Desmond T. Doss (l’oscarisable Andrew Garfield) profondément marqué par la violence de son père et ses propres pulsions, décide d’embrasser au sens littéral le commandement du décalogue. « Tu ne tueras point », même pour sauver ton pays. Pourtant Desmond est patriote, peut-être davantage que son père marqué par les horreurs de la première guerre mondiale. Desmond va devenir le premier objecteur de conscience à être décoré au sein de l’armée. Il ne touchera jamais une arme mais sauvera pourtant des dizaines de vies. La fragilité de sa condition apparaît si dérisoire face à la barbarie d’un théâtre d’opération militaire – retranscrit avec la force de la scène du débarquement dans Il faut sauver le soldat Ryan – que sa folie émeut aux larmes Cet héroïsme non-violent au milieu de l’atrocité de la guerre plonge dans la même boue le pire et le meilleur de l’Homme. Bien plus que pour la Passion, TU NE TUERAS POINT est la véritable bataille pour la rédemption de l’Humanité. Une bataille à la fois matérielle et spirituelle, profane et sacrée.
Tu ne Tueras Point est une œuvre qui se vit de l’intérieur, dont il faut s’efforcer d’être acteur plutôt que spectateur soumis aux aprioris de notre cadre de pensée.
Avant d’aller plus loin dans l’exploration de cette notion d’héroïsme précisons que je suis athée. Pourtant le film m’a parlé au-delà du vernis chrétien des motivations de Desmond. Ses motivations sont parfaitement mises en perspective avec son milieu social et familial. Desmond est la version jusqu’au-boutiste d’une Amérique fondamentaliste qui existe bel et bien, encore aujourd’hui. On diabolise un peu vite cette frange en ne prenant pas en compte l’équilibre des valeurs dans lequel ces chrétiens évoluent. Bien sûr, Gibson n’en montre que le meilleur aspect. Mais son propos n’est pas idéologique, il s’intéresse uniquement à la dimension morale et métaphysique de ce combat.
Car avant d’être un film de guerre, TU NE TUERAS POINT explore l’héroïsme de son protagoniste à des échelles bien plus modestes. Poser un garrot sur un blessé dans la rue, sans formation médicale. Inviter à sortir une fille dont on vient de tomber éperdument amoureux malgré sa timidité. Ces aspects sont loin d’être mineurs et éclairent la personnalité de Desmond.
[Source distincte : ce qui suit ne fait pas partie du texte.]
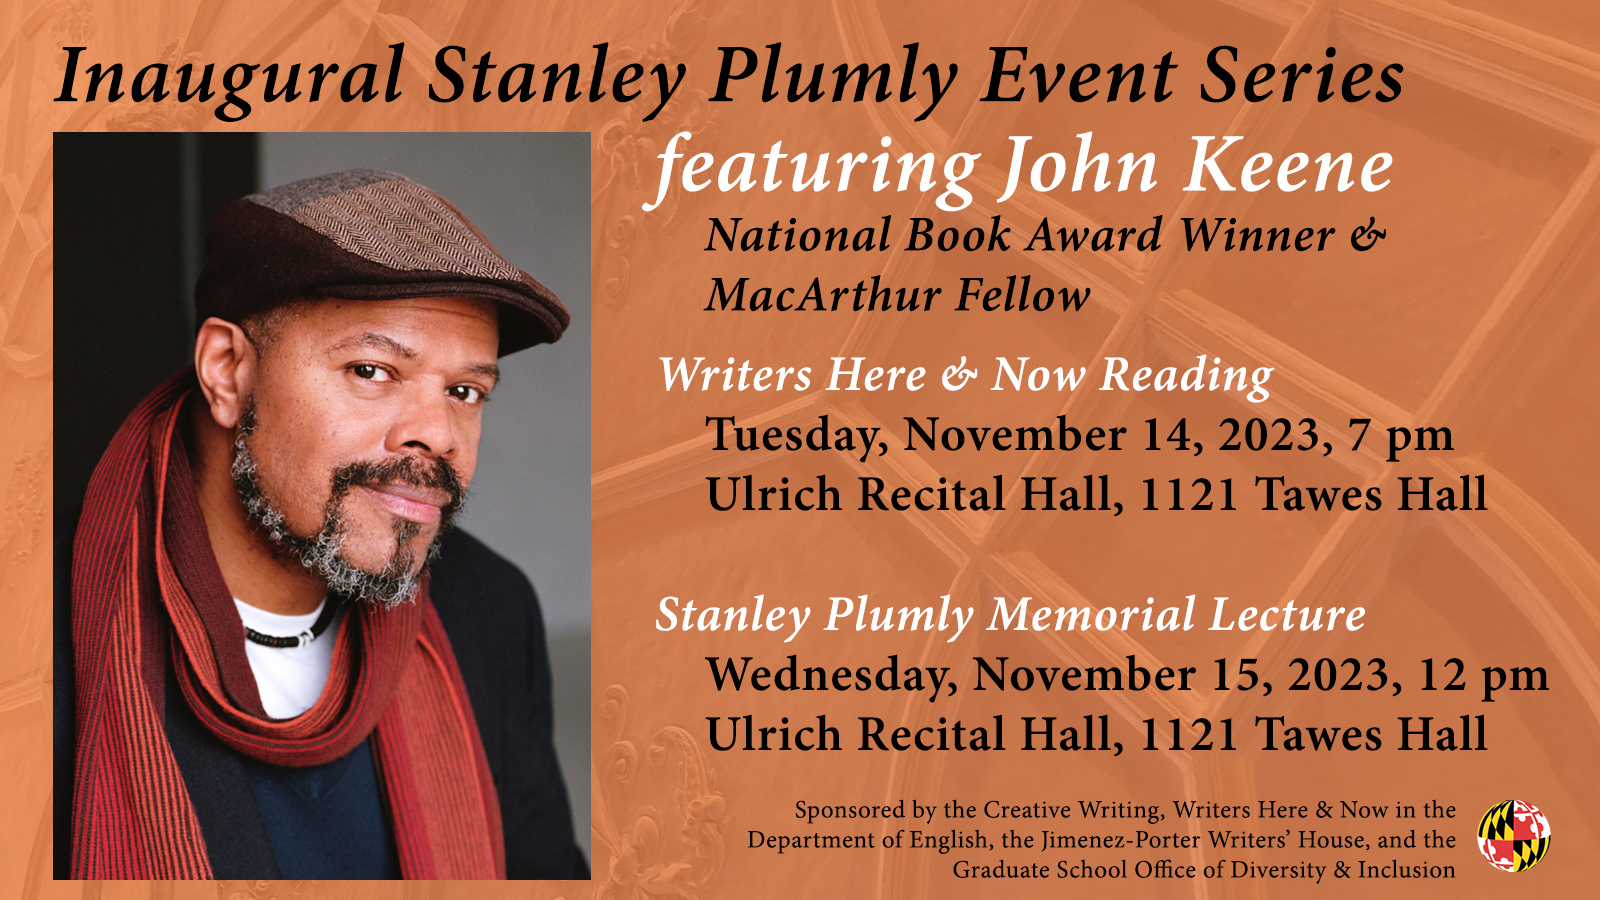 Flyer with information about John Keene event

En donnant d’abord à son héros la figure d’un homme ordinaire, Gibson nous donne une véritable raison d’éprouver de l’empathie pour lui, à la différence de Jésus dans la Passion qui n’était pas suffisamment incarné.
TU NE TUERAS POINT n’est pas un film qui câline l’armée dans le sens du poil. Une grande partie de l’histoire est dévolue à montrer comment l’engagement de Desmond a été nié et criminalisé par l’institution militaire. Malgré la grande violence de la mise en scène, le film n’est pas non plus une apologie de la violence, aux vues des motivations de l’objecteur de conscience. Membre arrachés, viscères dégoulinantes ou éclats de balles qui semblent traverser l’écran… l’hémoglobine du film nous atteint. Le montage est assez « sec », forçant l’œil à constamment analyser les détails d’une boucherie à ciel ouvert. Mel Gibson nous place dans la position du soldat. On « meurt » ainsi un nombre incalculable de fois avant de « renaître » lorsque l’infirmier Desmond ramène des décombres ses camarades blessés, mutilés et au bord de l’agonie.
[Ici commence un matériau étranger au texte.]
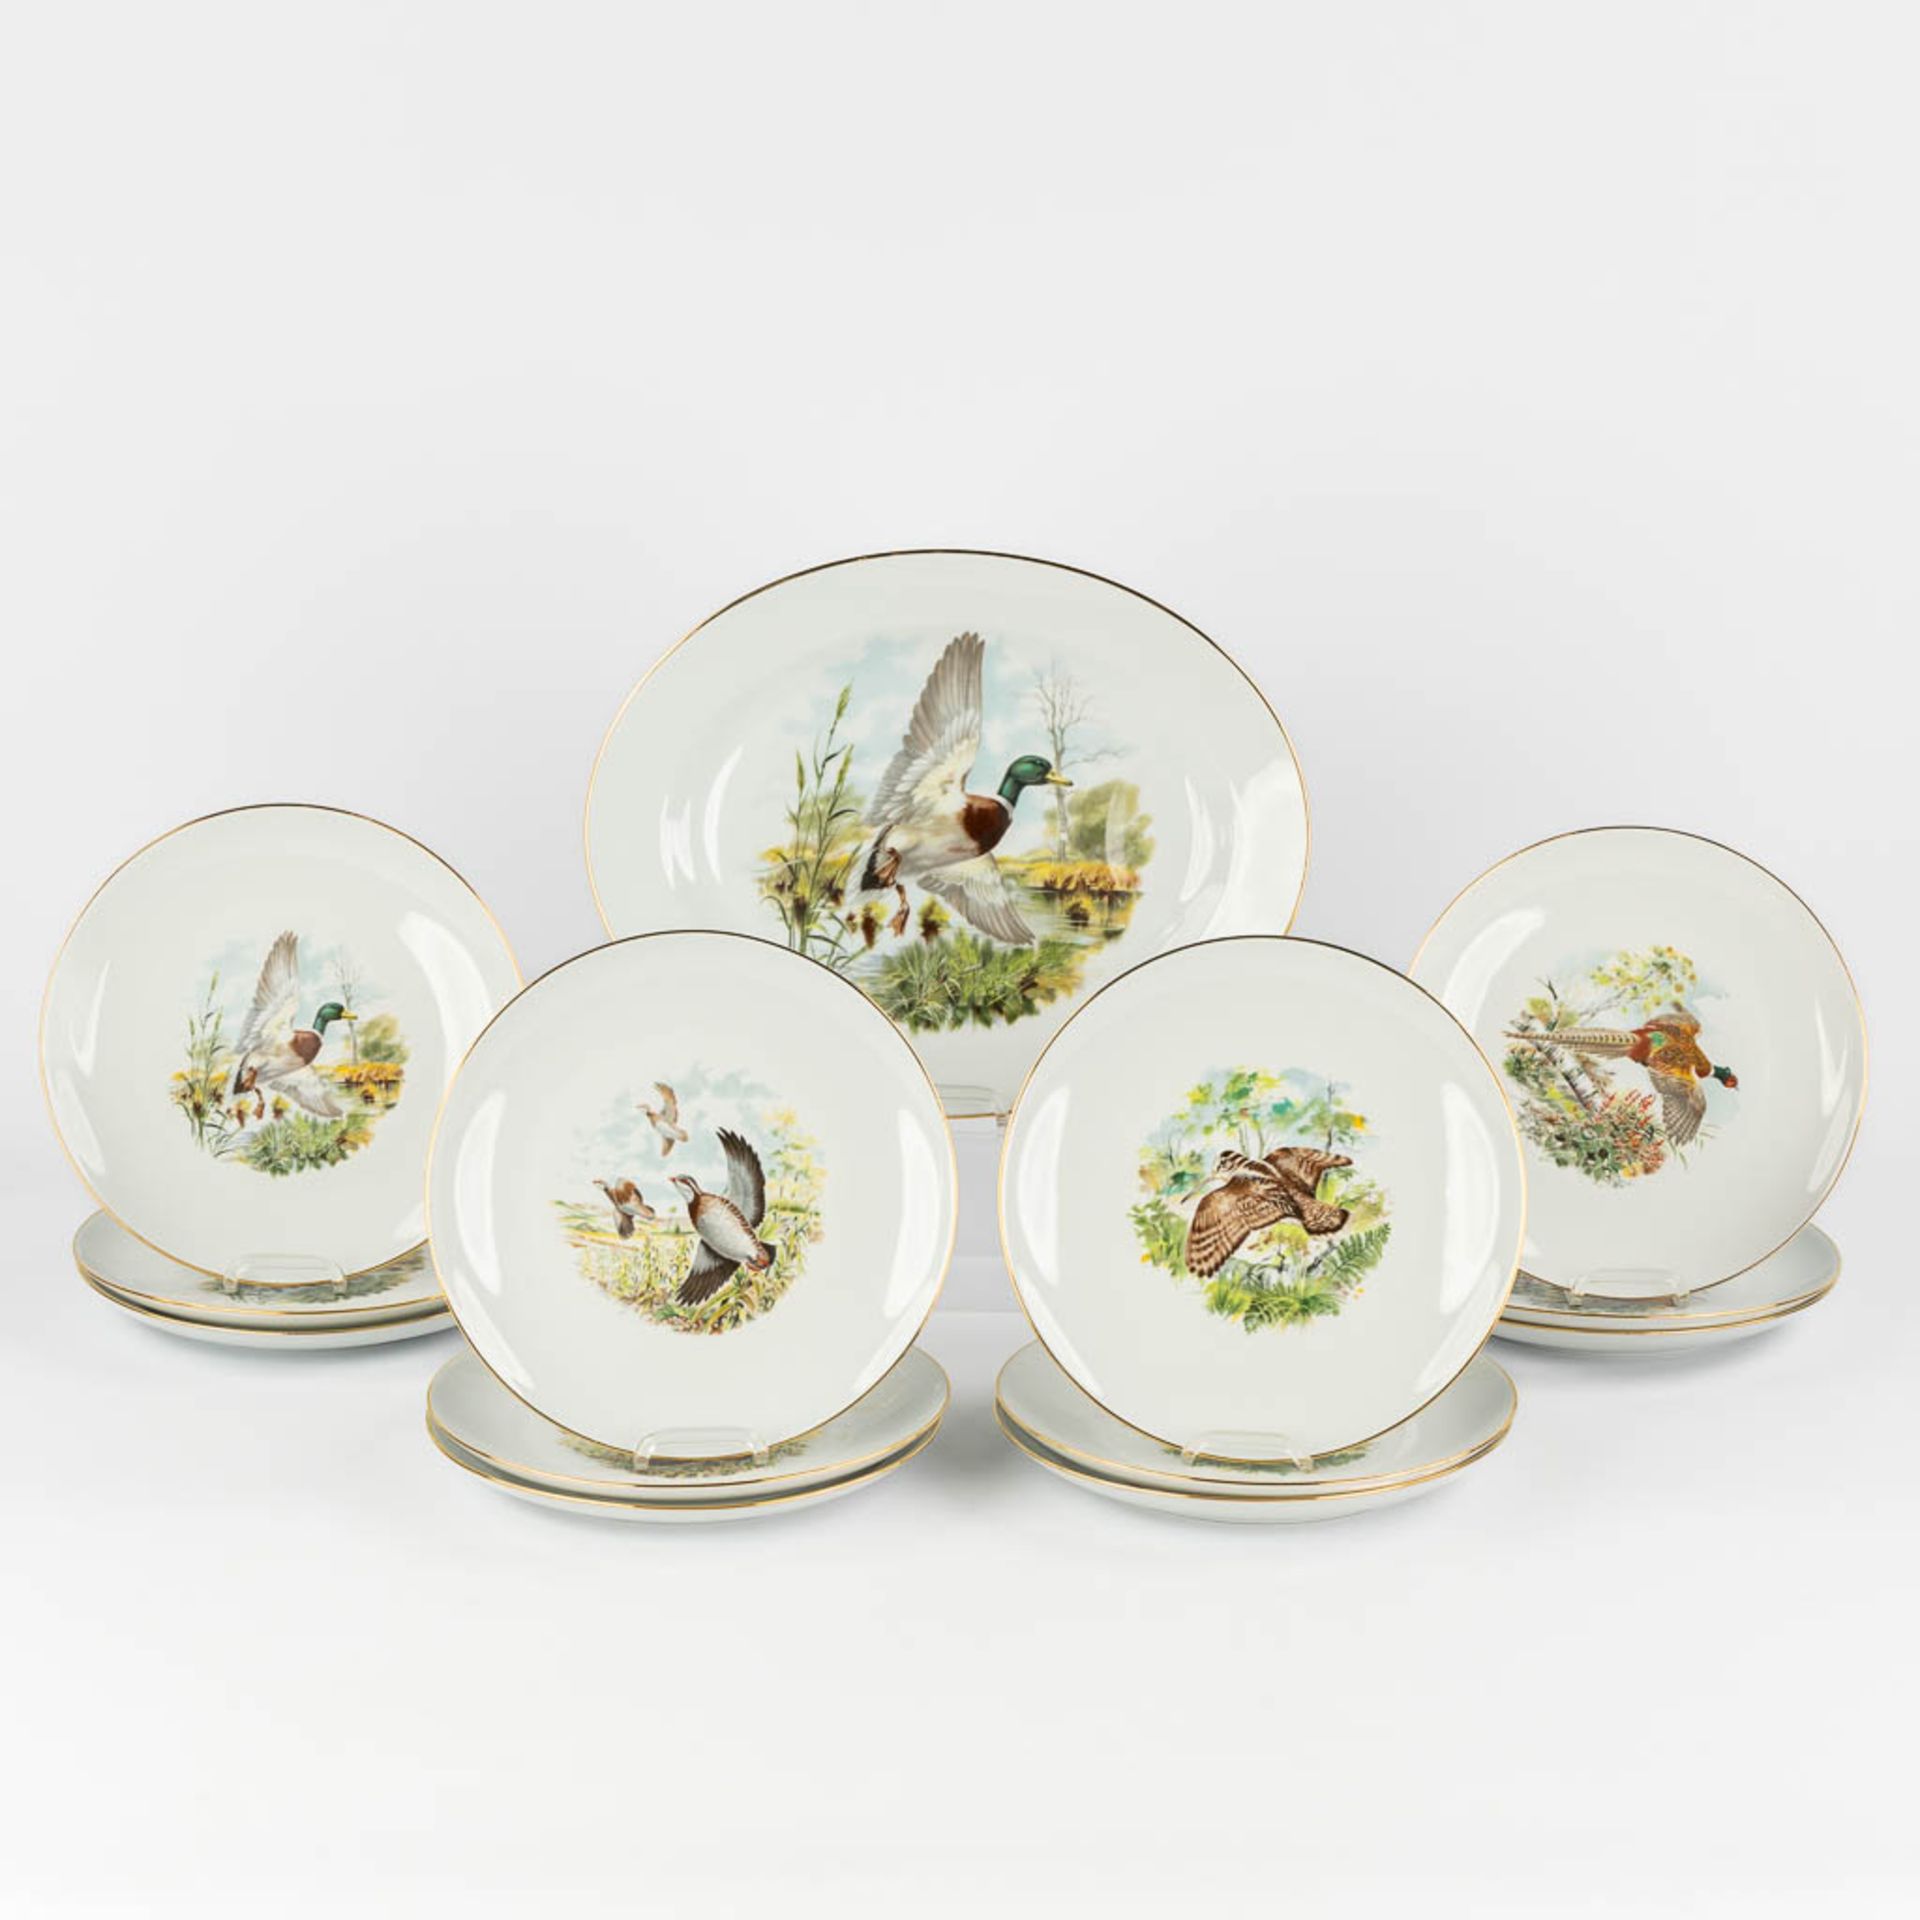 Limoges, France, a large, 12-person dinner, wild and coffee service. (L:23 x W:34 x H:22 cm) - Image 19 of 28

TU NE TUERAS POINT est une œuvre qui se vit de l’intérieur, dont il faut s’efforcer d’être acteur plutôt que spectateur soumis aux a priori de notre cadre de pensée. Ne nous méprisons pas, bien que culturellement proches des Américains nous en sommes extrêmement éloignés sur certains points. Avant de se permettre de juger d’après nos critères moraux (dont la laïcité, ce qui fait de la religion le grand impensé du cinéma français), essayons de voir la proposition de Mel Gibson pour ce qu’elle est : une fable humaniste inspirée d’une histoire vraie. Une ode à l’héroïsme ordinaire. Peut-être un exemple à suivre dans cette époque sombre.